Goldberg told TheWrap that she died at her home in Paris, France, of natural causes.

The longtime actress, who was born in 1916 in imperial Japan to British parents, played Melanie Hamilton Wilkes in “Gone with the Wind,” who had a conflict with Scarlett O’Hara, played by Vivien Leigh.

She also appeared in films such as “The Adventures of Robin Hood,” and won Oscars for her performances in “To Each His Own” and “The Heiress.”
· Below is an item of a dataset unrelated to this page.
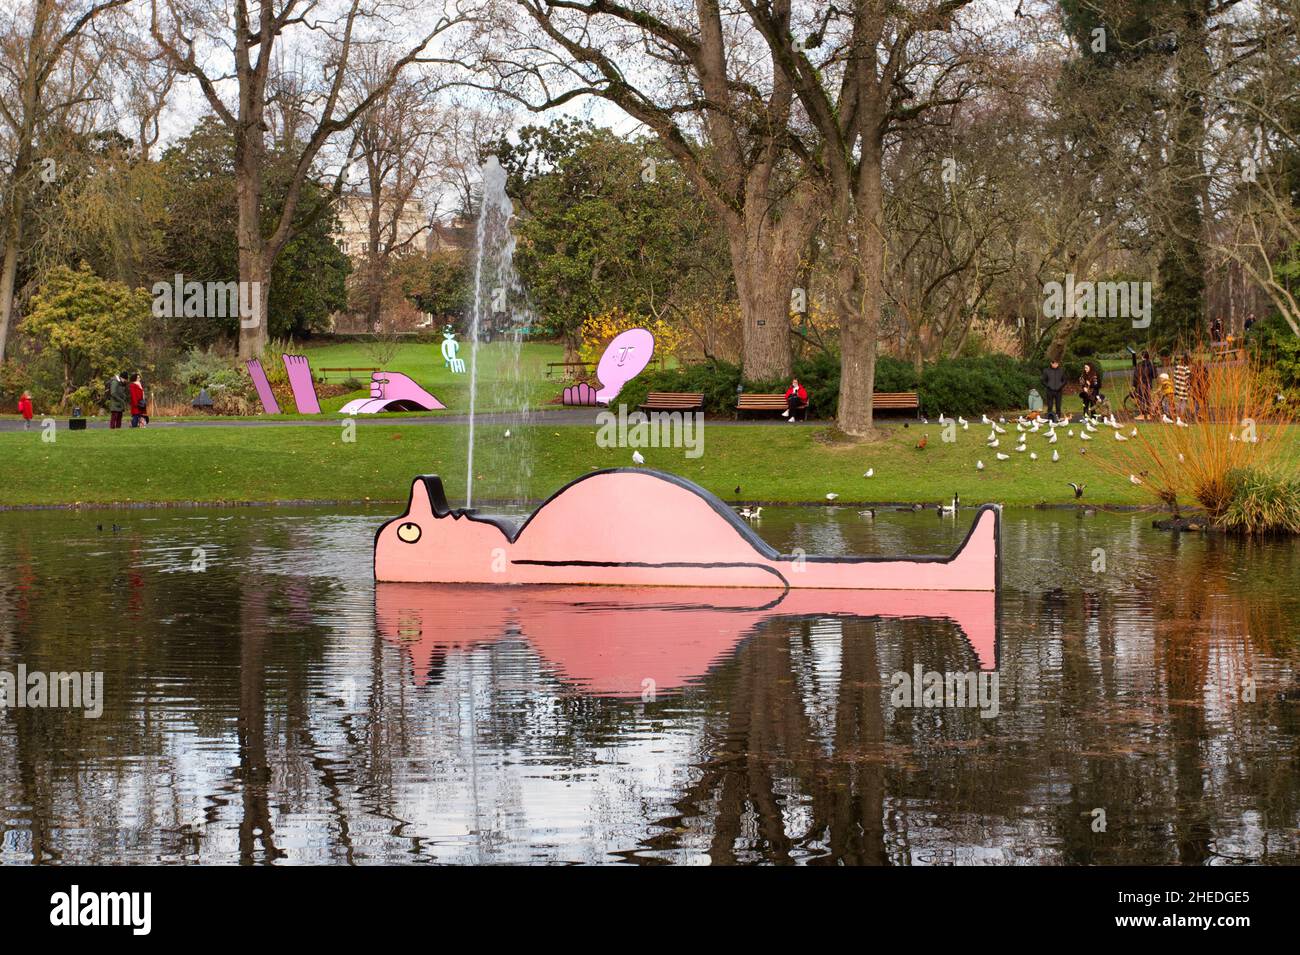 L'arroseur (The sprayer by Jean Julien for Le Voyage à Nantes arts festival) - Botanic Gardens - Nantes Stock Photo

Her greatest impact perhaps occurred when she sued Warner Bros. in 1943 to gain freedom from the studio after her contract with the company had expired. The previous interpretation of the contracts meant that she would have had to work longer than her seven-year contract and the years of actual service to the company would be spread over a longer period of time, according to The Hollywood Reporter.

The legal battle and victory is now known as The De Havilland Decision.

“I was deeply gratified when, returning to MGM after his long and distinguished military service, Jimmy Stewart asked the court on the basis of that decision for a ruling on his contract—and thus the contracts of other actor-veterans—and received, of course, a favorable verdict,” de Havilland said in 1992.

She added of the case: “When I won the final round of my case on Feb. 3, 1945, every actor was now confirmed as free of his long-term contract at the end of its seven-year term, regardless of how many suspensions he had taken during those seven years. No one thought I would win, but after I did, flowers, letters, and telegrams arrived from my fellow actors. This was wonderfully rewarding.”

Meanwhile, in the 1940s, when she joined the Independent Citizens’ Committee of the Arts, Sciences, and Professions, she was asked to deliver a speech for the committee that contained views from the Communist Party USA, and the group was later identified as a front organization, according to the Wall Street Journal.

The actress also noted that the organization “rarely embraced the kind of independent spirit it publicly proclaimed. It always ended up siding with the Soviet Union even though the rank-and-file members were noncommunist,” the report said.

She told the paper: “I thought, ‘If we reserve the right to criticize the American policies, why don’t we reserve the right to criticize Russia?'”  Of the group, she added: “I realized a nucleus of people was controlling the organization without a majority of the members of the board being aware of it. And I knew they had to be communists.”